Action item |
Take the entries below and reproduce exactly the portion that begins at the line containing "Fall for Tall." and ends at the line containing "Young creative businessman", keeping both ends, dropping pictures, and adding nothing else.

Information |
________________

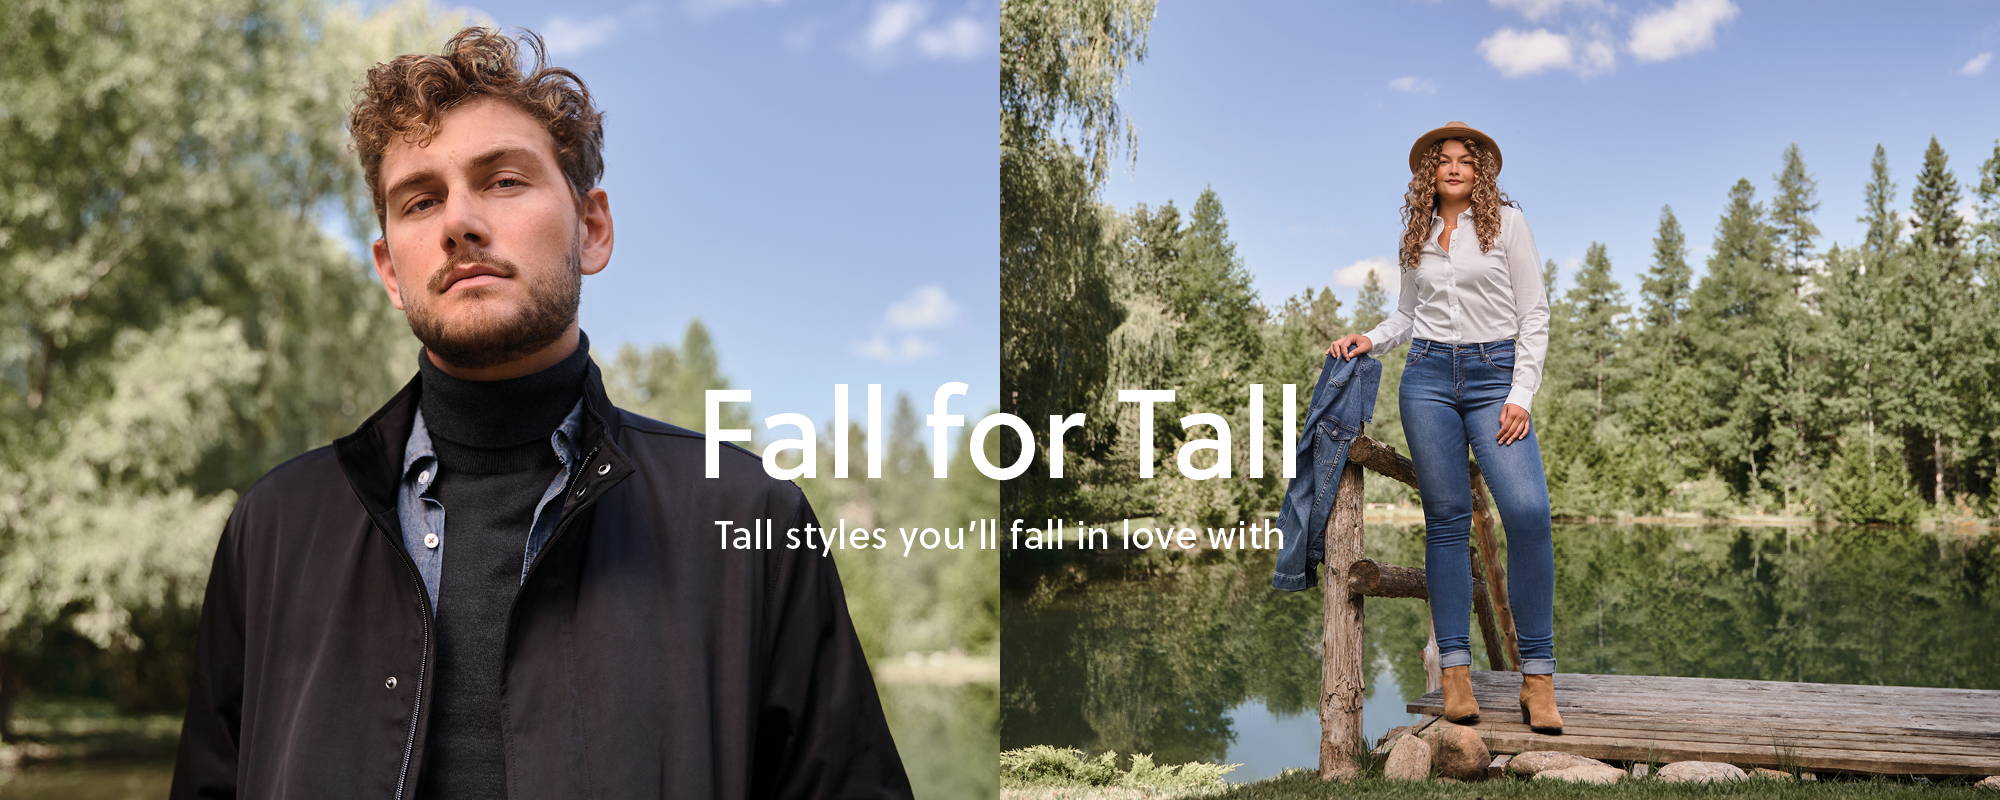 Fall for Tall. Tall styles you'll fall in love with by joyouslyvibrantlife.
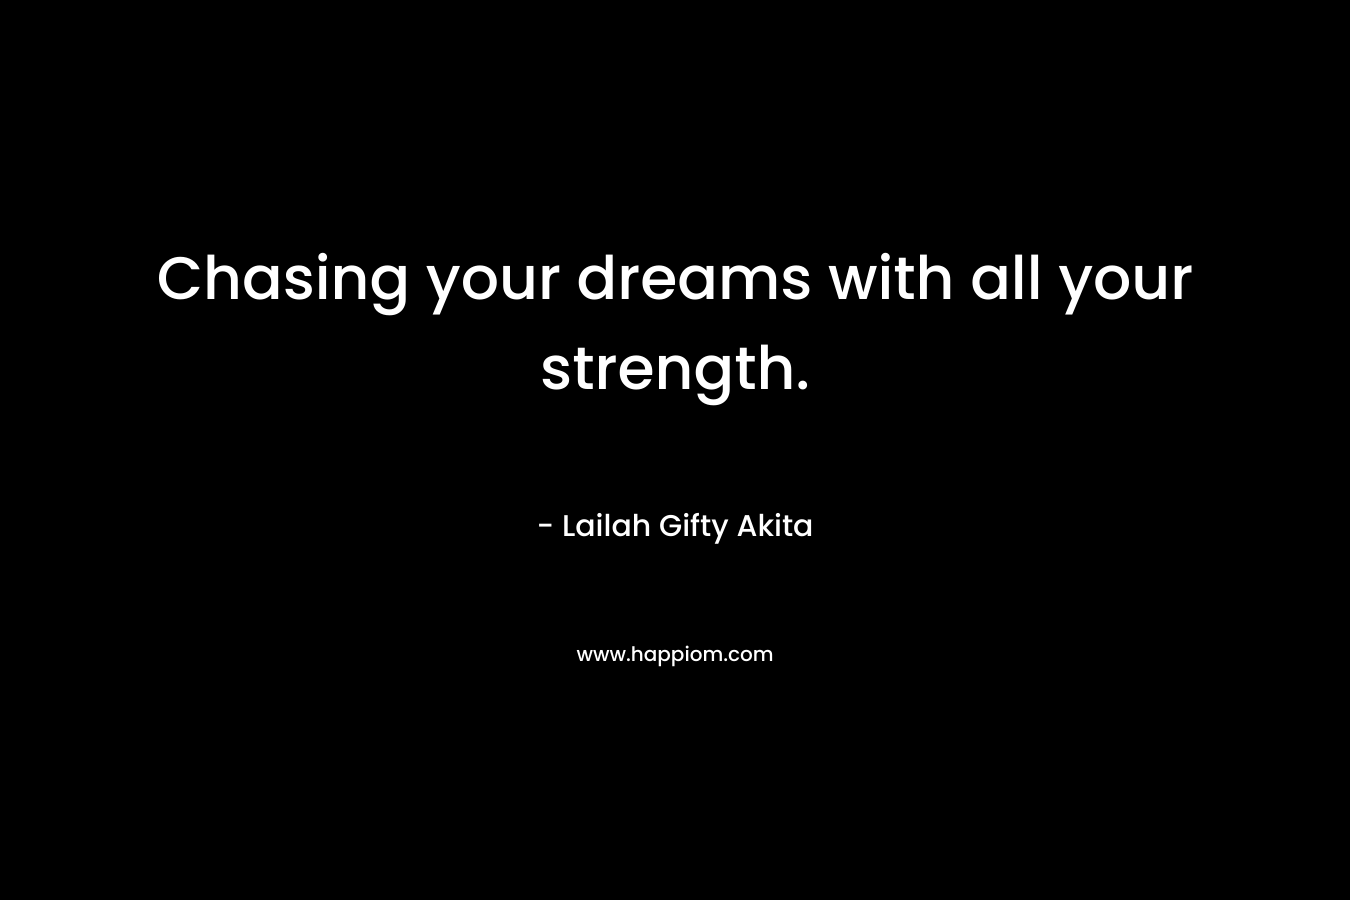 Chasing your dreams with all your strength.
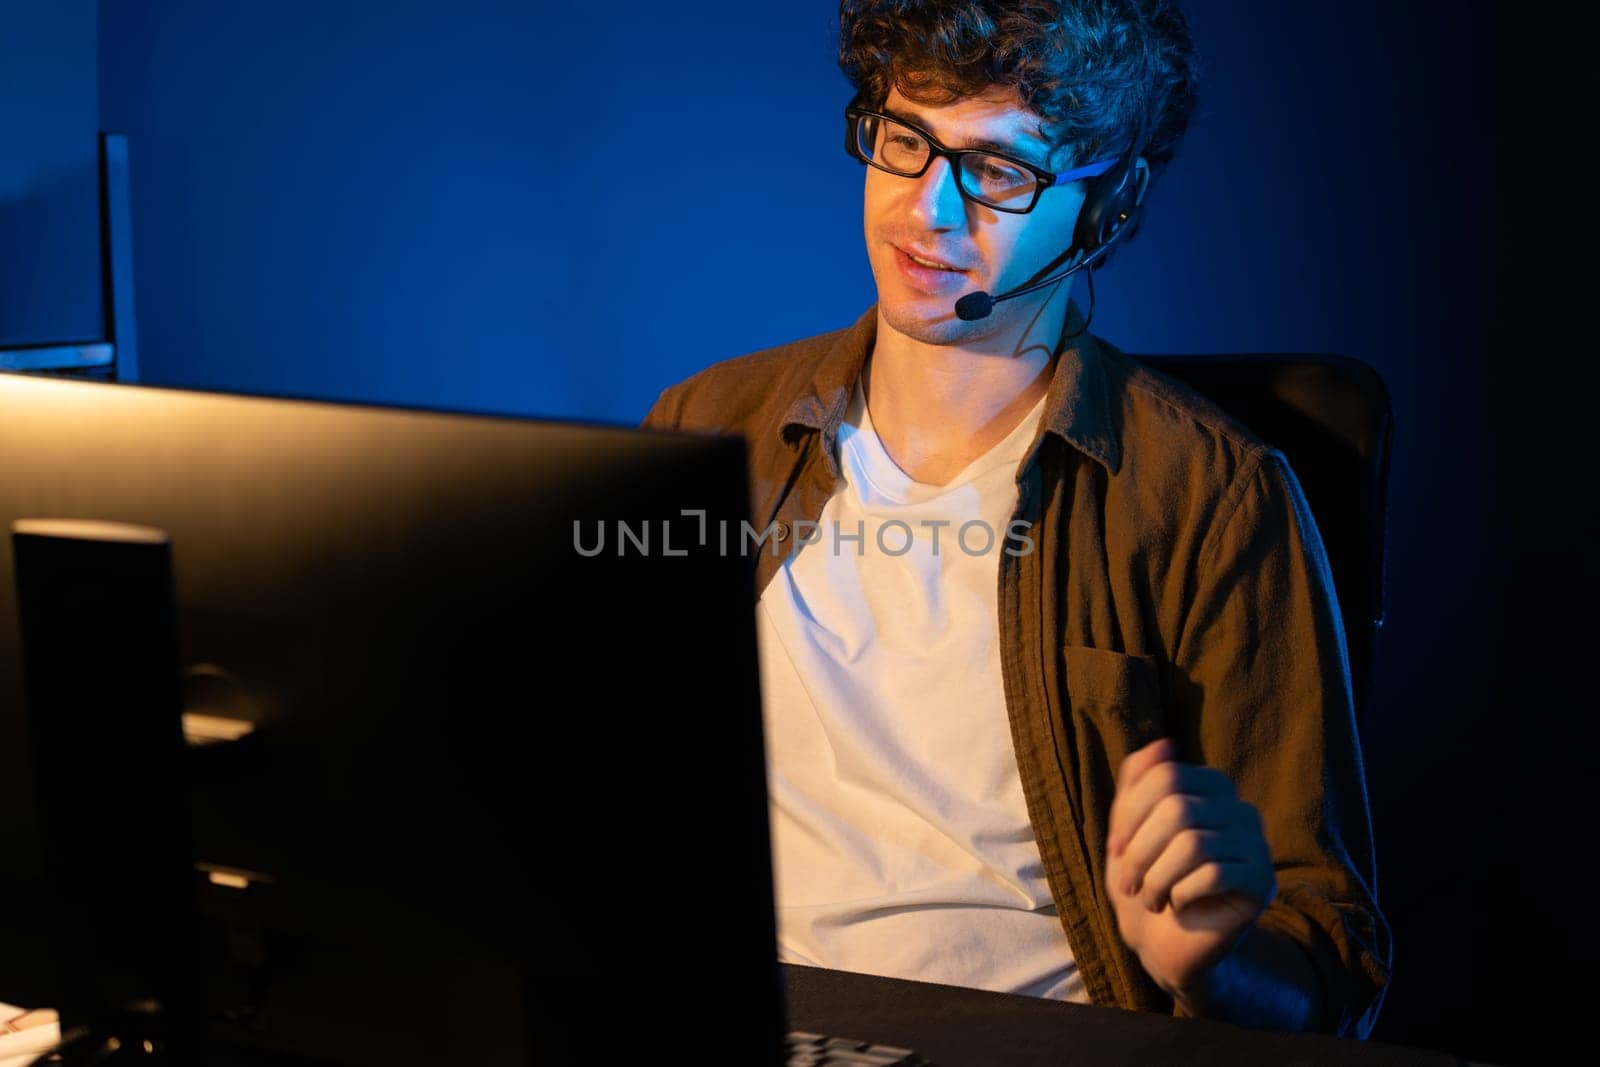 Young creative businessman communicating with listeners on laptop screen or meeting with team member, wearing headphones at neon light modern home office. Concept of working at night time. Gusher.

________________

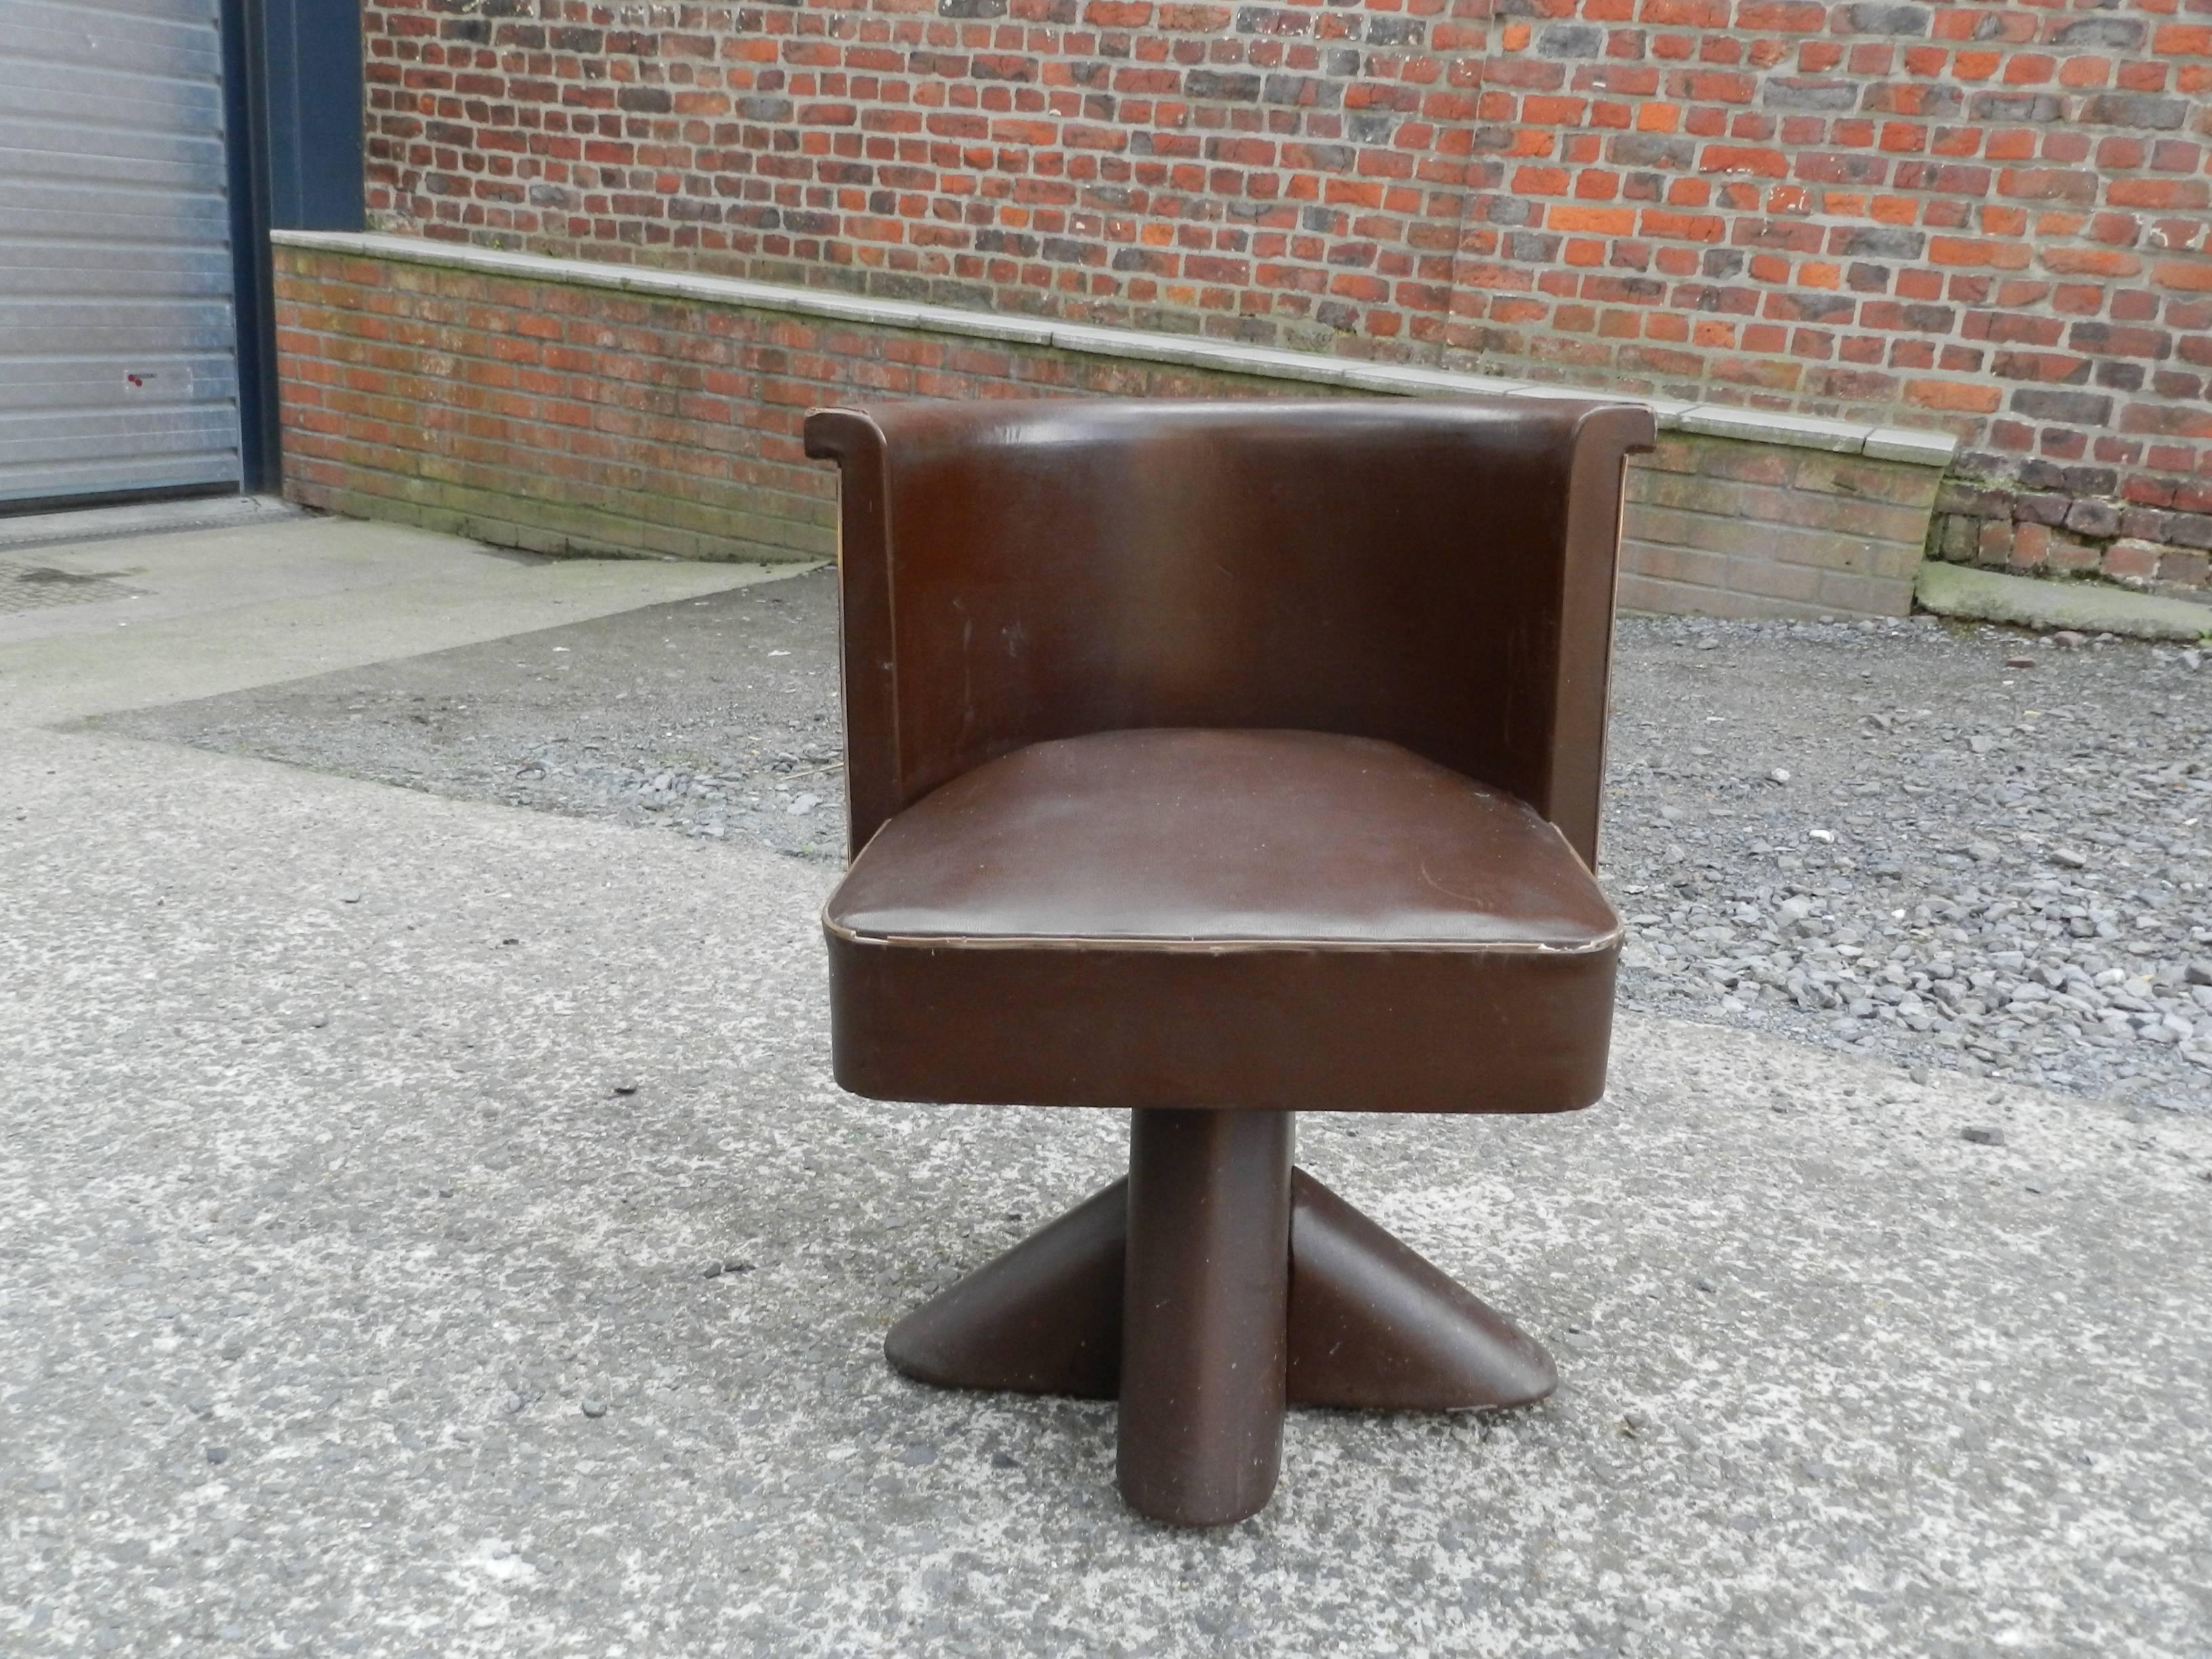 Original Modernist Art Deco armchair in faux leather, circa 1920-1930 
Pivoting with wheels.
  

________________

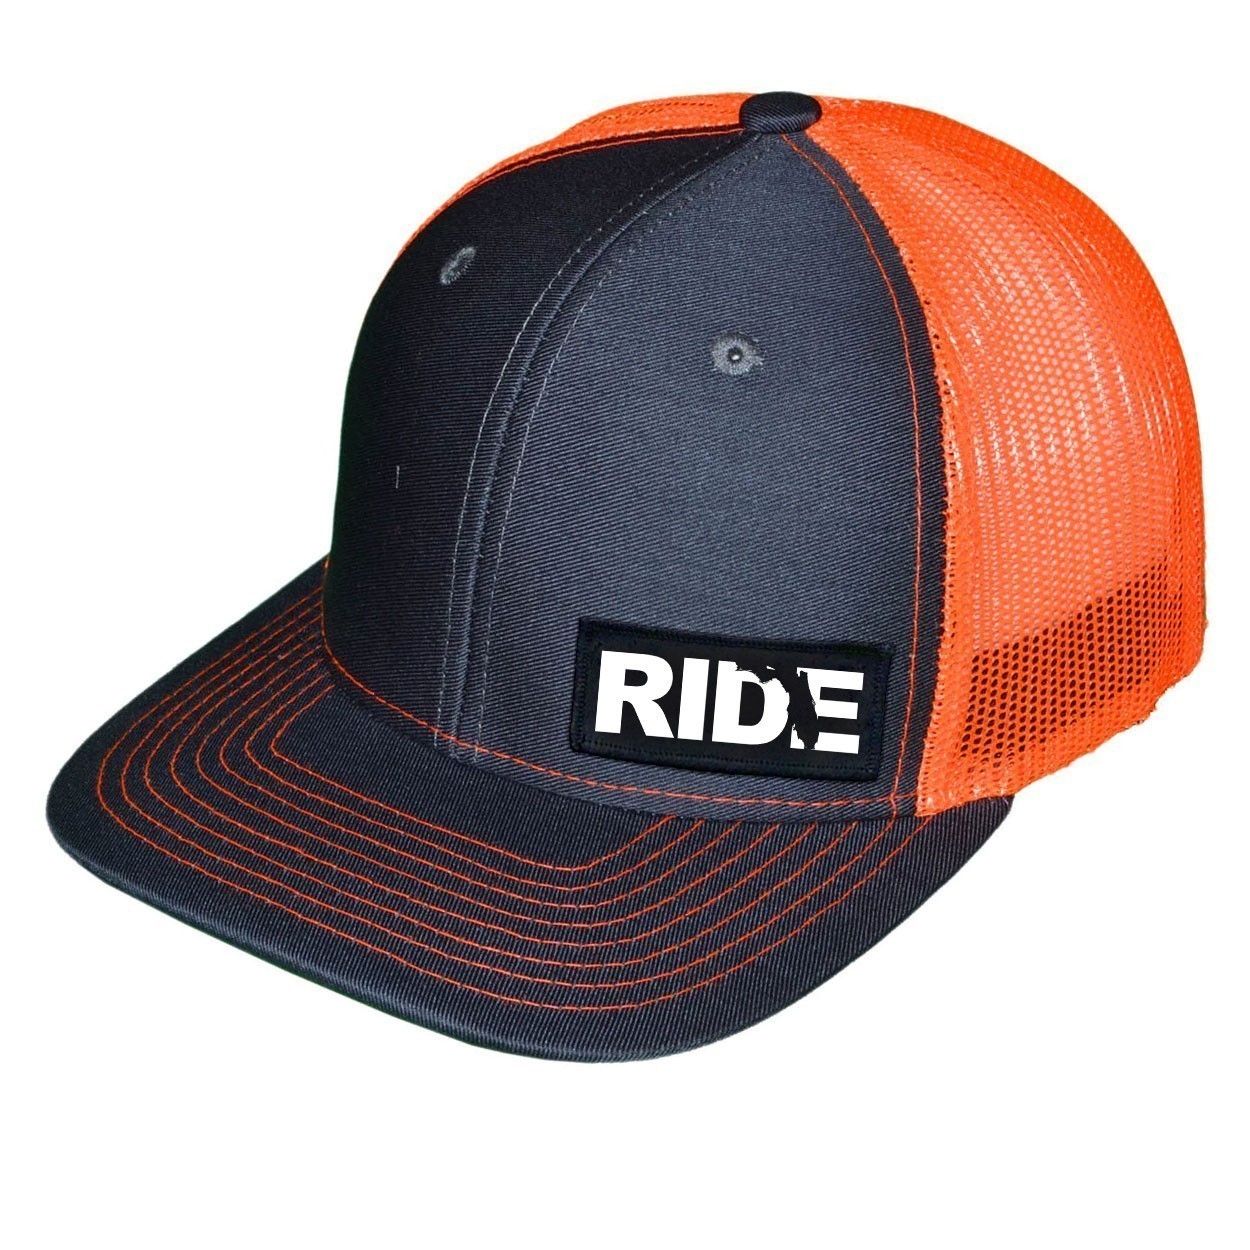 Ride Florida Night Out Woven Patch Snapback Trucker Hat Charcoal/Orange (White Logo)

________________

Output |
 Fall for Tall. Tall styles you'll fall in love with by joyouslyvibrantlife.
 Chasing your dreams with all your strength.
 Young creative businessman communicating with listeners on laptop screen or meeting with team member, wearing headphones at neon light modern home office. Concept of working at night time. Gusher.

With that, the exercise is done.